When I was in college, I often went more than six months without talking to any of my siblings.

Pluto used to be a warm planet where oceans once flowed before it was covered in an icy shell.

Sometimes the sun gets tired and goes into a less active state called a solar minimum. Coronal holes can form during this time, creating lower energy and cooler spots. Coronal holes can last for months.

***

After a decade in New York City, I gave away most of my belongings and fled to Florida. I was in my early 30s and thought the palm trees and sunshine could be the balm to heal me. Instead, I was sunburnt and barely tethered to the world. I sought grounding in men and wondered why I remained afloat, my feet unable to find the ground.

I was born the same year Sally Ride became the first woman from the United States to go to space.

Children who experience trauma are more likely to use substances to cope with their emotions. In my experience, men are a substance.

***

My sister Ann and I returned to our family home two decades after we left precipitously. We introduced ourselves to the new owner. We left a lot of stuff in the house, we say. Yes, a lot of stuff, he agreed. We are too polite to ask to come inside. Also, it’s best to accept what you no longer have.

***

The first words transmitted via telephone were Mr.
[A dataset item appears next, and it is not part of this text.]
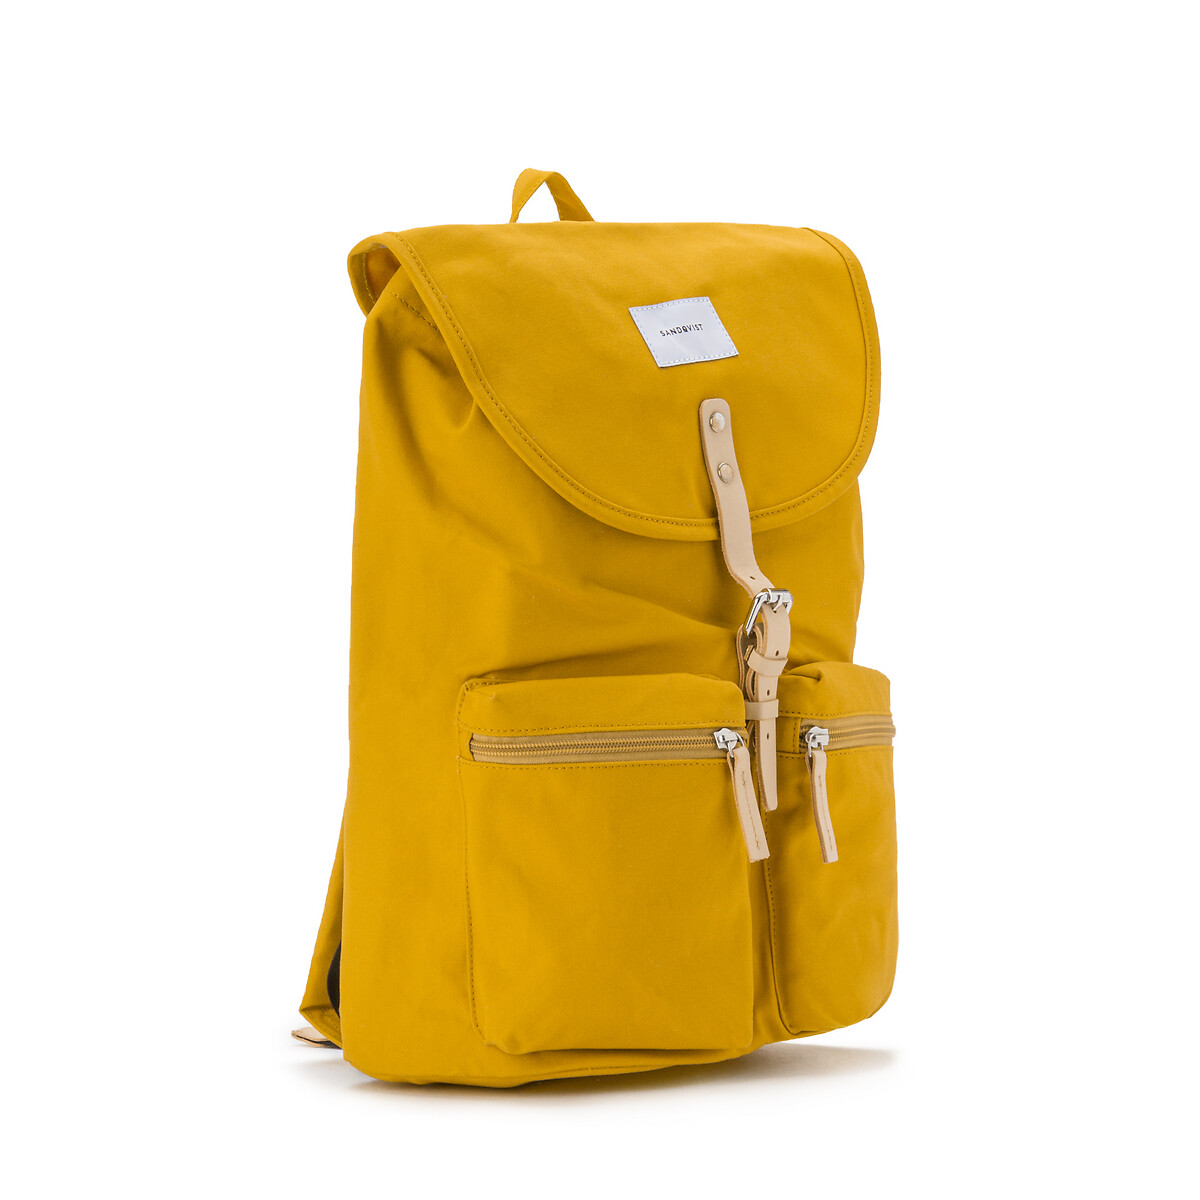 Рюкзак La Redoute ROALD л для планшета единый размер желтый - фото 2
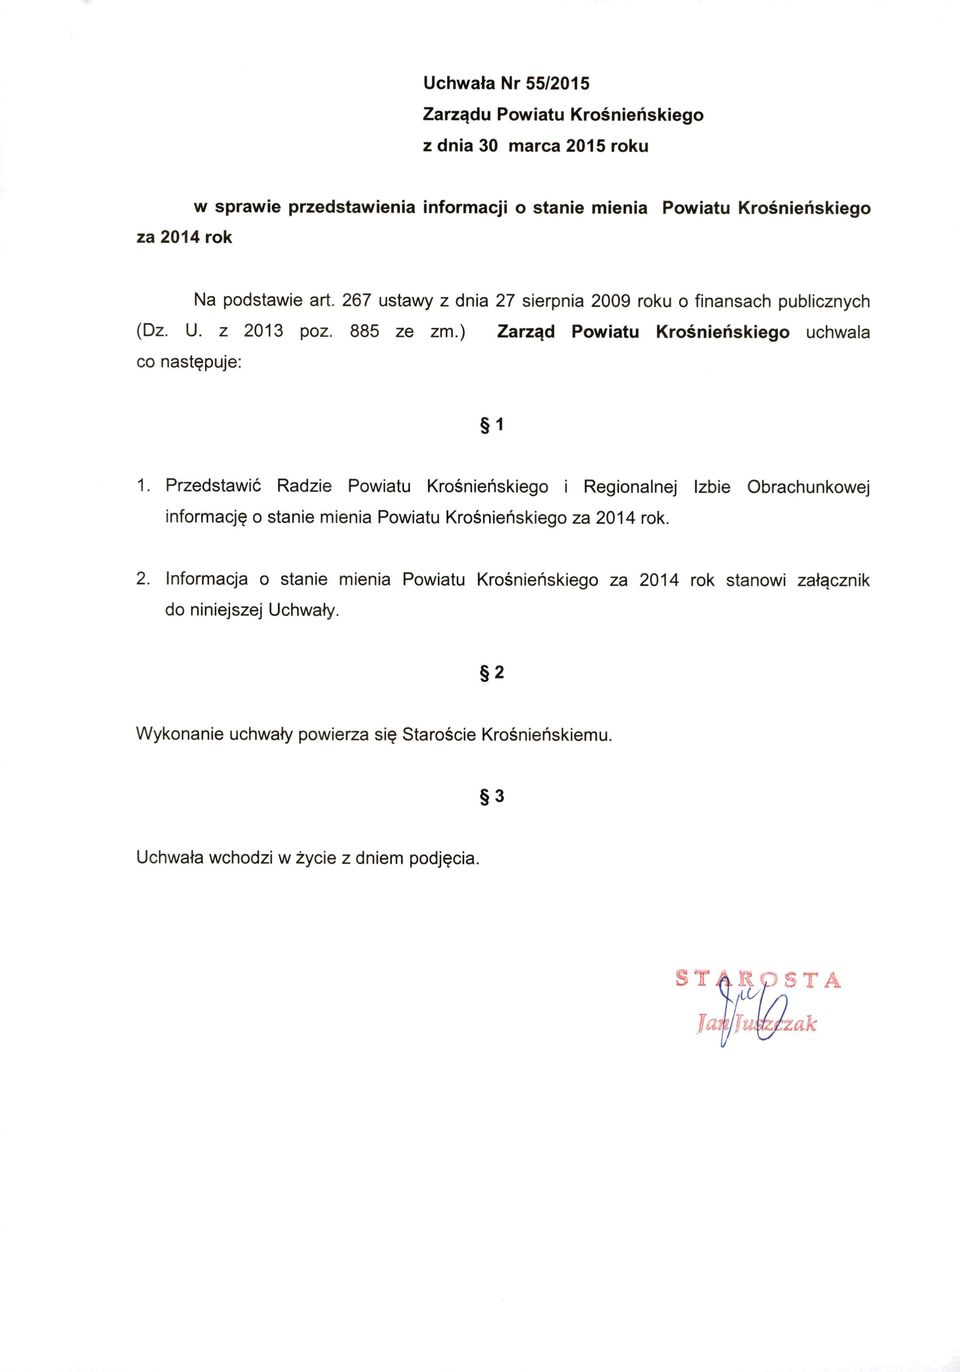 Przedstawić Radzie Powiatu Krośnieńskiego i Regionalnej Izbie Obrachunkowej i nformację o stanie mienia Powiatu Krośnieńskiego za 20

Watson, come here, I want to see you.

During these recent stay at home orders, I linger on the phone for hours with my siblings.

We talk about childhood memories that we unearth from twenty five years ago like those time capsules from elementary school.

Scientists say that you can see the birth of a baby planet if you look through a horoscope at the yellow center of an orange and red cosmic spiral.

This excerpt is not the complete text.